Takjub aku pada kemampuan Ayu Utami berimajinasi dan menciptakan benang merah di antara segala hal yang ingin disampaikannya, mulai dari peradaban Jawa, kebudayaan Islam, ajaran Kristiani, hingga “modernisme”, di mana beliau menekankan cara baru memandang dunia dan segala isinya: alam, kepercayaan, serta segala yang metaforis dan spiritual, yaitu dengan spiritualisme kritik – sebuah bentuk perspektif post-modernisme yang tidak melulu memaksakan pemikiran matematis dan rasional akibat munculnya ilmu pengetahuan dan demokrasi ke dalam segala hal, terutama hal-hal yang memang metaforis dan spiritual tadi, lebih tepatnya ketika orang menciptakan matematika dan memaksakan angka nol yang silamnya adalah shunya, menjadi angka nol yang terukur.

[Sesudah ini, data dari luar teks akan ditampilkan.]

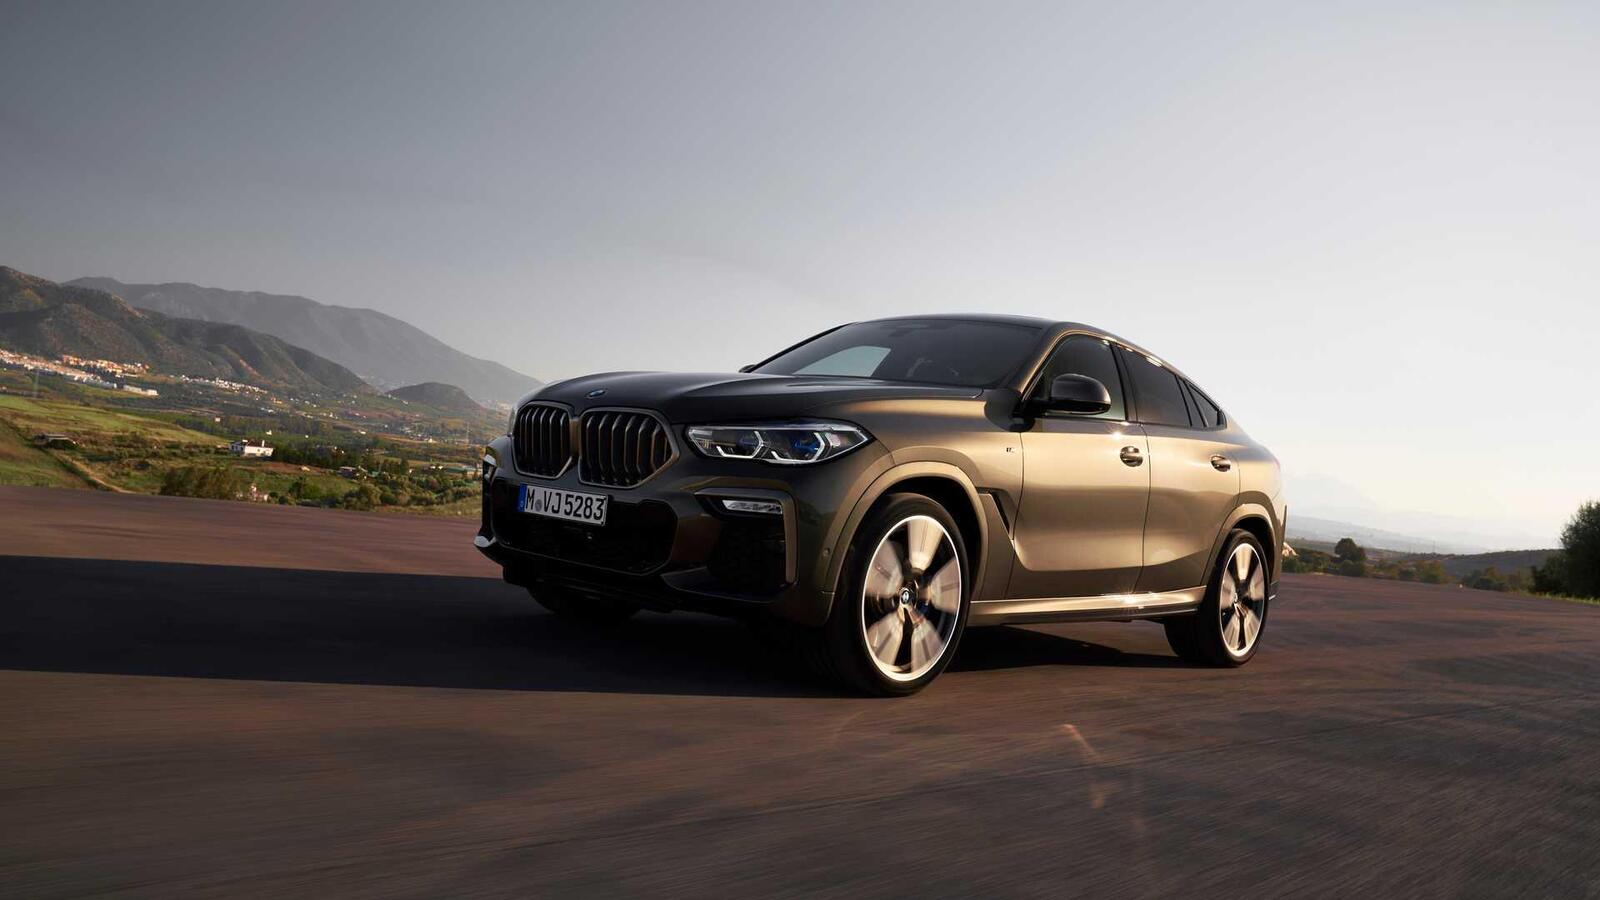 Thế hệ mới BMW X6 2020 chính thức ra mắt - Hình 5

Maksudnya itu kutangkap ketika dalam Bilangan Fu, beliau mencoba mengajak pembacanya, yang sebagian besar tentu produk-produk modernitas yang selalu menekankan nilai guna dalam mencari jawaban, atau tujuan, sehingga cenderung meremehkan usaha-usaha orang desa dalam menjalankan hidupnya, di mana mereka melibatkan penyembahan kepada gunung, hutan, dan sekitarnya melalui sesajen. Di mana juga mereka percaya bahwa alam yang mereka tinggali dikuasai oleh roh-roh penguasa yang patut untuk dihormati lewat persembahan mereka itu. Orang kota, yang kebanyakan termakan budaya televisi pun tidak mampu melihat ini dari kaca mata rasional mereka. Oleh karenanya, mereka merasa budaya semacam itu adalah absurd dan sia-sia. Padahal, oleh Parang Jati, salah satu tokoh utama yang diceritakan adalah seorang pencinta alam, kita tak bisa memaksakan pola pikir semacam itu menghakimi segala hal di dunia. Karena toh, usaha-usaha orang desa membuat mereka mencintai alam, membuat mereka menghargai lingkungan tempat mereka tinggal, menyadari bahwa mereka hanya menumpang dan oleh sebabnya tak diperbolehkan merusak apa yang telah dikaruniakan kepada mereka – sesuatu yang tentunya tidak dimiliki kaum modern karena merasa berbasis pada hukum positif, denga hak milik pribadi, dan kebebasan berpikir. Untuknya, Ayu Utami menulis, “Dengan hilangnya rasa takut, hilang pula penghormatan terhadap alam. Dengan adanya kepemilikan pribadi, yang dinyatakan dengan kontrak dan jual-beli, hilangp ula penghormatan atas hak-hak ulayat (hak adat atas tanah beserta isinya)."
Segala tulisannya itu kutangkap sebagai kritik atas kehidupan manusia-manusia zaman sekarang, yang difokuskan pada kepasrahan manusia pada budaya televisi yang membodohi, keserakahannya atas alam, dan ketidakpekaannya pada hal-hal kecil di sekitarnya (aliran kepercayaan sekaligus lingkungan).
Ada satu pesan juga yang terus menerus disampaikannya, yaitu bahwa semua manusia dikirim ke dunia untuk satu tugas mulia, yang bagaimana bentuknya tergantung siapa yang menjalankannya. Buruk ataupun baik rupa, miskin ataupun kaya, semua punya tugas yang harus diemban. Menyelamatkan alam, adalah yang mutlak dan kekal. “Nyamuk, bakteri, dan virus-virus sesungguhnyalah sejenis teroris-teroris halus yang bertujuan luhur mengendalikan jumlah manusia. Jangan tertawa. Aku tak sedang sarkastis, melainkan berkata yang sesungguhnya. Apa kau pikir manusia itu makhluk mulia sehingga pantaslah setiap jengkal tanah bumi ini dipenuhi pijak mereka? Apakah kau pikir itulah kemuliaan?”
Sama seperti bagaimana Pramoedya Ananta Toer mampu membuatkan amat terkesan dengan segala pengetahuan yang disebarkan lewat satu buku, Ayu Utami juga demikian adanya. Rasanya, terlalu banyak yang ingin kubagi di sini, namun waktu tak demikian banyaknya. Namun, yang terpenting adalah pemikirannya yang mencerdaskan dan membukakan mata yang selama ini tertutup oleh budaya instan.